Expand my Community achievements bar.

SOLVED

Optimizing Retrieving of Nodes from Iterator after Query

Avatar

Level 3

Hi Everyone,

We are in a situation where we have to perform up to a 1000 queries per request looking for asset nodes. The queries we use are similar to this one:

SELECT * FROM [dam:Asset] As s WHERE ISDESCENDANTNODE ([/content/dam/msi-dam]) AND s.[jcr:content/metadata/cq:productReference] IN ("/etc/commerce/products/msi/smo/smot-wqsav-hon10mm")

Using an index the query execution seems to be quick (1-2ms). Here's what the query performance monitor shows for these queries:

Query execution time: 2 ms

Get nodes time: 992 ms

Result node count time: 2421 ms

Number of nodes in result: 2

When the time comes to work with the nodes returned as result the things get slow. Here's an example of our code:

QueryResult result = query.execute();

@SuppressWarnings("unchecked")

Iterator<Node> iterator = result.getNodes();

while (iterator.hasNext()) {

       Node assetNode = iterator.next();

       String path = assetNode.getPath();

       if (!assetsUrls.contains(path)) {

            assetsUrls.add(path);

       }

}

The two lines of code is what slows down the whole process to a little more that 1s for each iteration of this code. This eventually will result in spending around 1200s for the whole process when we need to have 1000 queries. We understand that there are some limitations when accessing the repository this way but are really trying to find a way to optimize the process. In another functionality we build, we were able have one long query for all the 1000 things we are searching for but we cannot implement it here unless there's a way to retrieve the number of resulting nodes without getting the nodes themselves. This might be very helpful, as well.

My questions here would be, is there a way to optimize this whole process and also is there a way to retrieve the number of resulting nodes without accessing them?

We are using AEM 6.3.2.1

Thank you very much for your help in advance,

Bobby

1 Accepted Solution

Avatar

Correct answer by
Employee Advisor

The query engine works lazy, that means it doesn't load all results directly when doing the request, but only when you explicitly request it (via the iterator). This explains why the nodeIterator.next() call actually is an operation which can take a significant amount of time.

1000 queries per request will never perform well, you should really change your approach! It looks like your query can be changed quite easily into a traversal, which performs probably much better.

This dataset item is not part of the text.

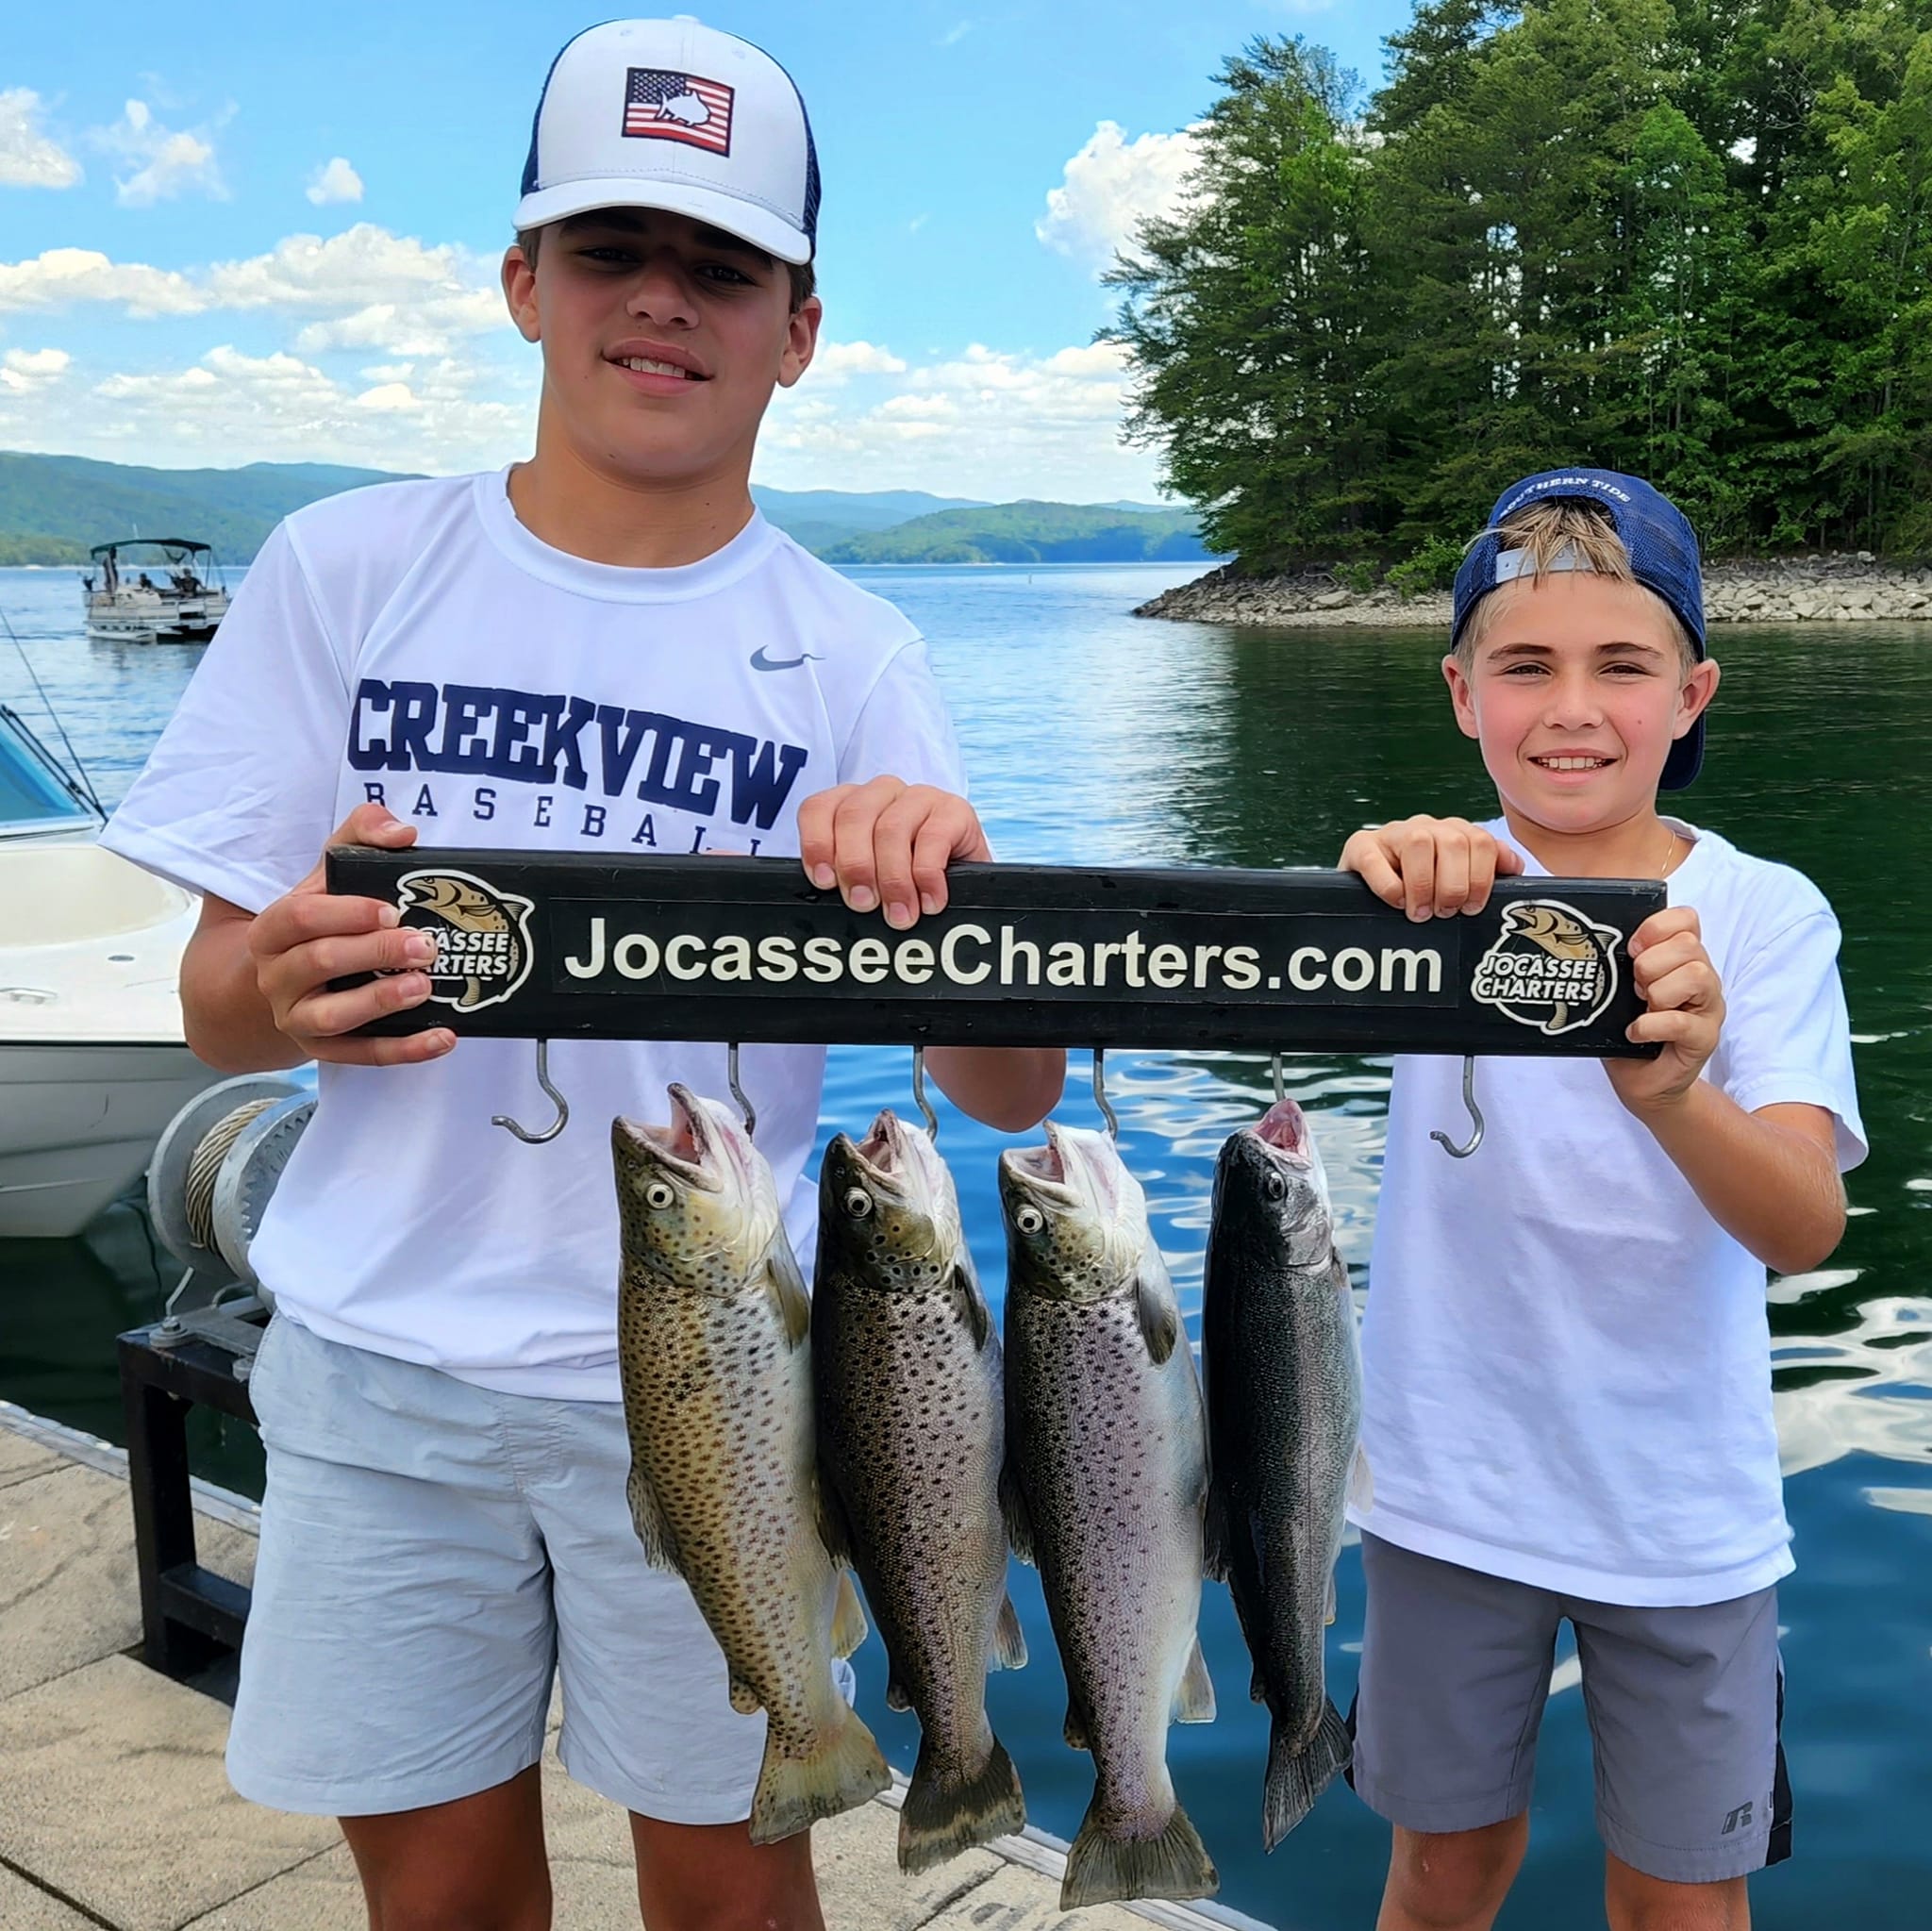 A nice catch this week with Jocassee Charters

But even then I would definitely think about the content model. Looking at the query, assets will link to products, and it seems to me that you want to display all assets which belong to a product. Why don't you add the references to the product and link all assets from there (actually reversing the relation)? Or create a folder for each product in DAM and place the related assets there. If you build your content model in a clever way, you can often reduce the amount of searching or querying and replace it rather by direct lookups at known locations.

Jörg

View solution in original post

4 Replies

Avatar

Community Advisor

Hi,

I am not sure if below is gonna help or not but you can try :

NodeIterator searchResults = query.execute().getNodes();

  if(searchResults != null) {

    while (searchResults.hasNext()) {

        String path = searchResults.nextNode().getPath();

        if (!assetsUrls.contains(path)) {

               assetsUrls.add(path);

        }

      }

  }



Arun Patidar

Avatar

Correct answer by
Employee Advisor

The query engine works lazy, that means it doesn't load all results directly when doing the request, but only when you explicitly request it (via the iterator). This explains why the nodeIterator.next() call actually is an operation which can take a significant amount of time.

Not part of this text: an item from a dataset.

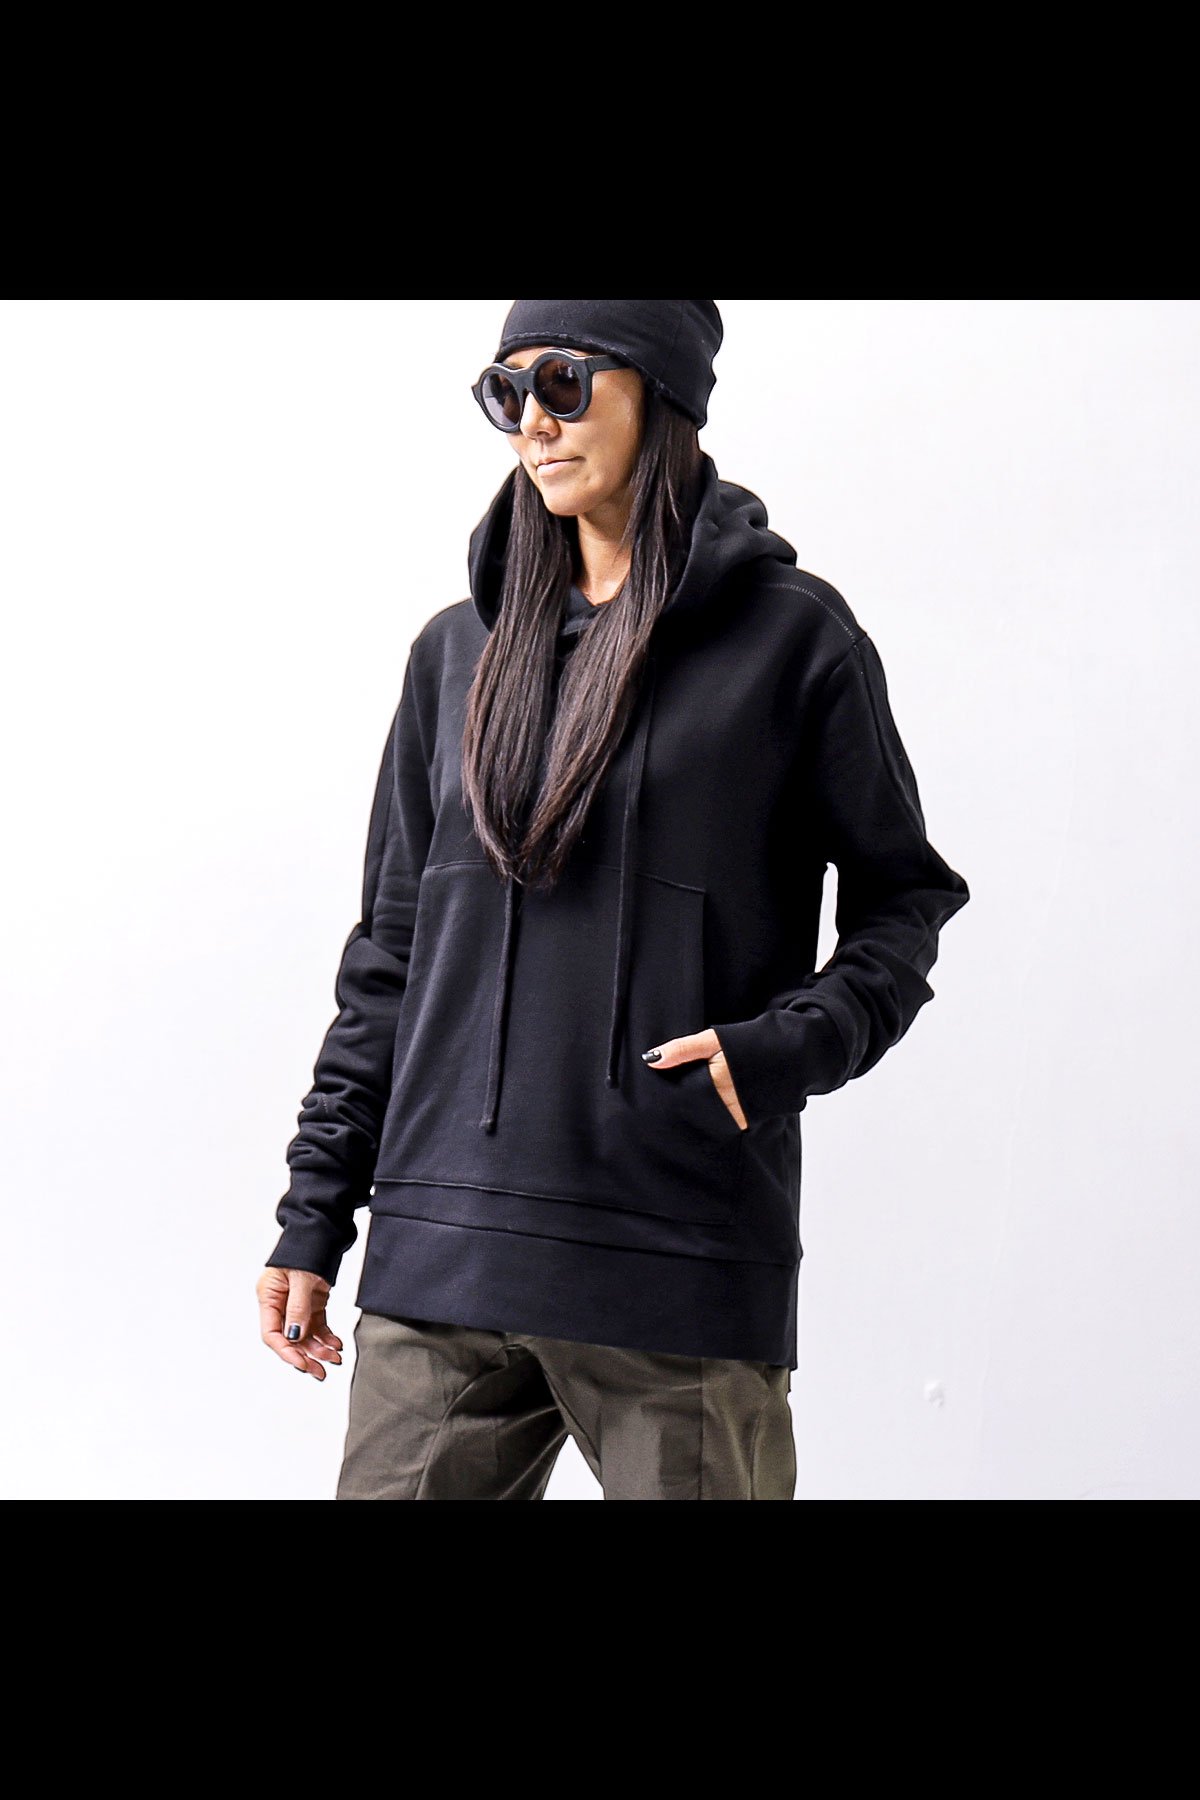 <img class='new_mark_img1' src='https://img.shop-pro.jp/img/new/icons8.gif' style='border:none;display:inline;margin:0px;padding:0px;width:auto;' />UNISEX FRONT POCKET SWEAT HOODIE MS159_BLACK

1000 queries per request will never perform well, you should really change your approach! It looks like your query can be changed quite easily into a traversal, which performs probably much better.

But even then I would definitely think about the content model. Looking at the query, assets will link to products, and it seems to me that you want to display all assets which belong to a product. Why don't you add the references to the product and link all assets from there (actually reversing the relation)? Or create a folder for each product in DAM and place the related assets there. If you build your content model in a clever way, you can often reduce the amount of searching or querying and replace it rather by direct lookups at known locations.

Jörg

Avatar

Level 3

Hi Jorg,

Thank you very much for your reply. I was wondering if there's a way to retrieve the number of results without retrieving the nodes and thus speed it up a bit.

We cannot unfortunately display all assets related to a product directly because actually there could be specific asset criteria added to that query that I excluded in the example, but can you give us more details on how to reference assets to products. Is it by adding a property like cq:productReference that holds the reverse relation?

Thank you again,

Bobby

Avatar

Employee Advisor

As said, the query engine is lazy, that means you have to iterate through all the result set to get the exact number.

Regarding your usecase, your requirement is not a scenario unique to commerce. It's rather a pretty common case where you have a 1:n relation between entities. In the JCR world you would use the hierarchy and place all references as siblings belong a common parent. When dealing with products this could look like this:

* /cotent/products/productA

* /content/dam/products/productA

In this case it's quite obvious where you need to search for the assets for productA. Of course this is a very simplified version and it's unlikely that you can apply it directly to your case. But I hope it illustrates that you have more options than just querying the repository to find your references.

A more complex could be, that it is not a 1:n relation, but rather a n:m relation (assets are shared between multiple products). That's much harder to implement in an efficient way in the JCR, and maybe the only way to implement is using queries.

(But in the end that's probably a very efficient of misusing AEM ...)

Jörg